Naeem Talukdar pense que la confiance – et non pas nécessairement les capacités d'un modèle – est ce qui distinguera certaines entreprises de vidéo générative des autres. C'est pourquoi il fonde Moonvalley, une startup basée à Los Angeles qui développe des outils vidéo génératifs apparemment plus « transparents ».
Talukdar a dirigé la croissance des produits chez Zapier avant de fonder Draft, une société soutenue par Y Combinator, qui hébergeait un marché pour le contenu d'IA d'entreprise. Il a recruté Mateusz Malinowski et Mik Binkowski pour lancer Moonvalley, tous deux anciens scientifiques de DeepMind, où ils ont étudié les techniques de génération vidéo.

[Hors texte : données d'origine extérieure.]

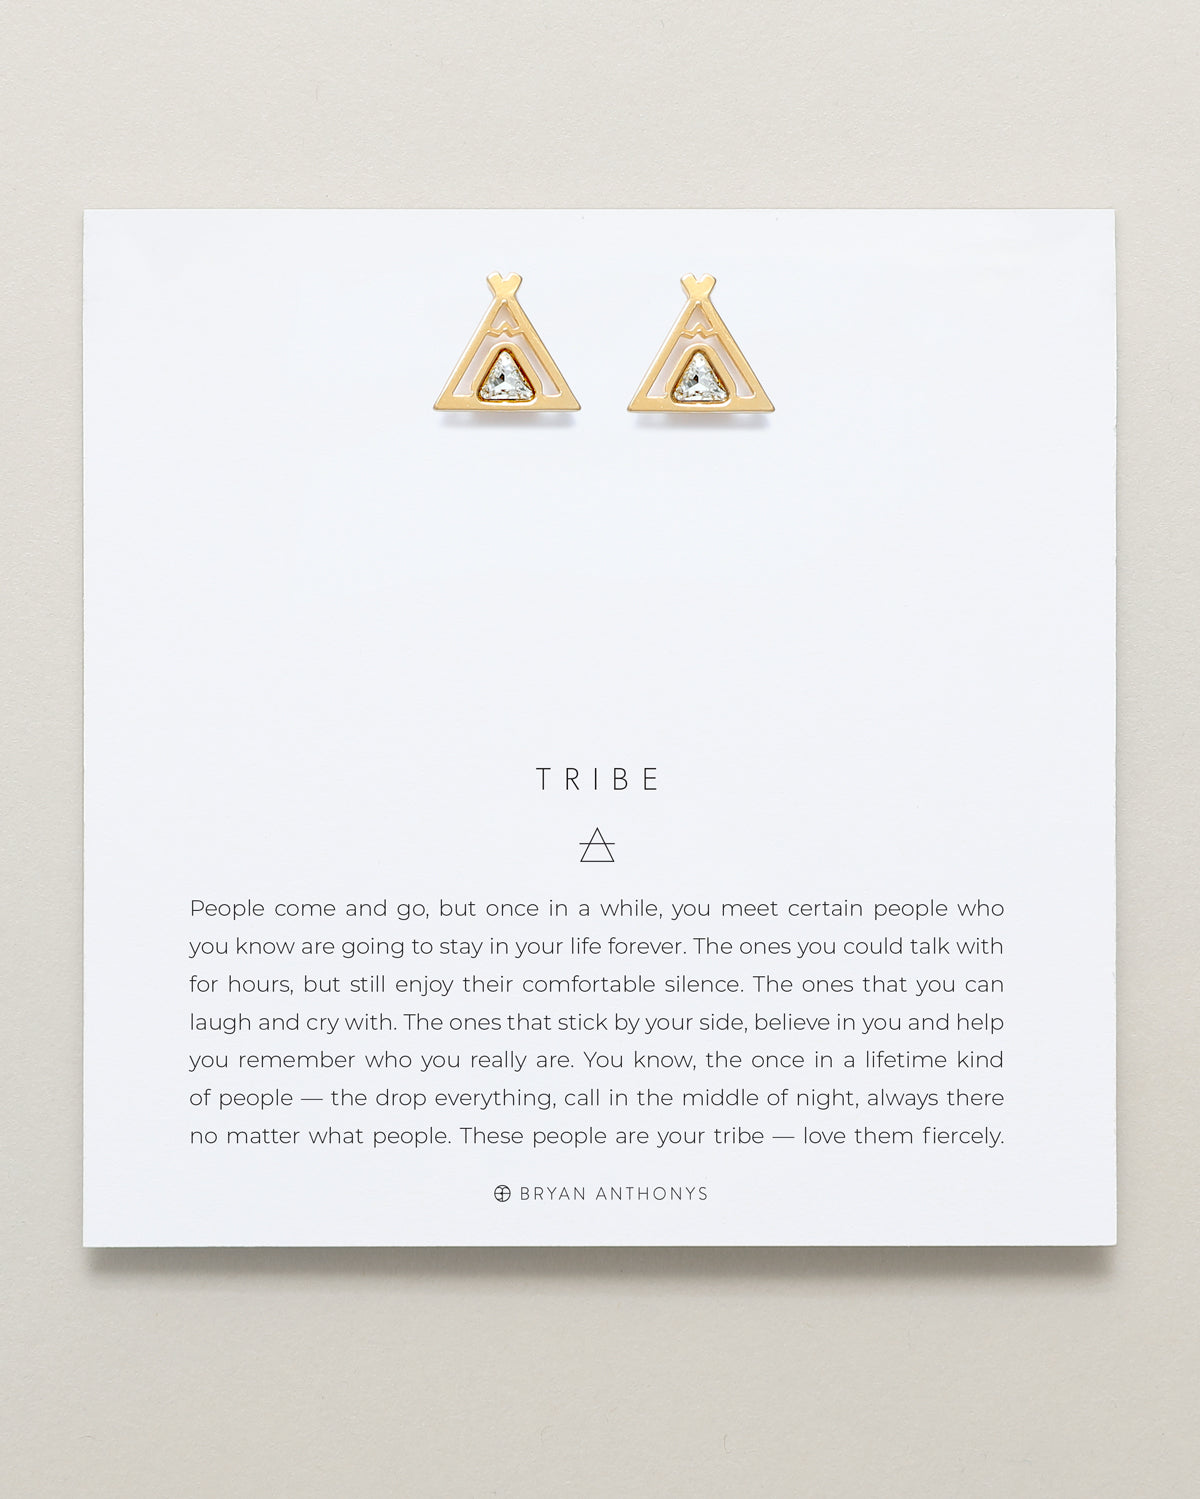 Bryan Anthonys Tribe Gold Earrings With Crystals On Card

« Nous partagions la conviction que la génération vidéo allait transformer les médias et le divertissement, mais les startups que nous avons vues opérer dans ce domaine n'avaient pas les attributs nécessaires pour réussir », a déclaré Talukdar à TechCrunch. « Les entreprises existantes étaient profondément hostiles aux artistes, aux créateurs et à l’industrie en général. »

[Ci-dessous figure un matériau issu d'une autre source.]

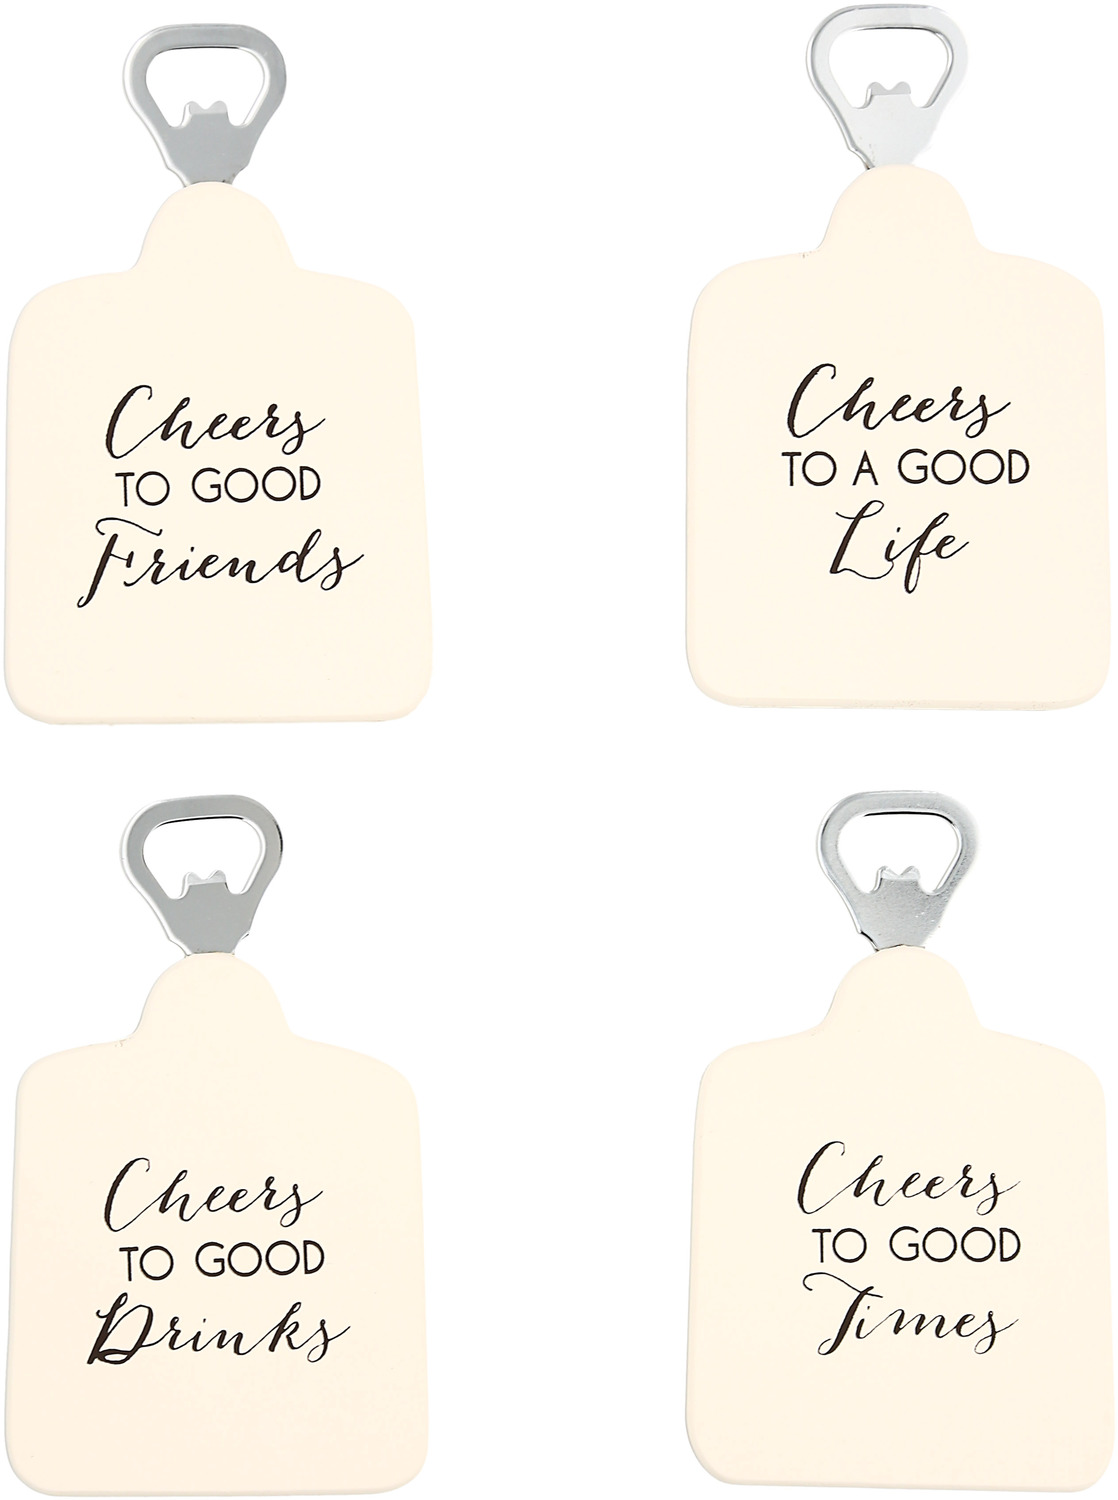 Cheers by Hostess with the Mostess - Cheers - Bottle Opener Coaster Set

Selon Talukdar, la plupart des sociétés d'IA générative entraînent des modèles sur des données publiques, dont certaines sont invariablement protégées par le droit d'auteur. Ces entreprises soutiennent que la doctrine de l’usage équitable protège cette pratique. Par exemple, OpenAI a insisté sur le fait qu’il ne pouvait pas former correctement des modèles sans matériel protégé par le droit d’auteur, et Suno a soutenu qu’une formation aveugle n’est pas différente d’un « enfant écrivant ses propres chansons rock après avoir écouté le genre ».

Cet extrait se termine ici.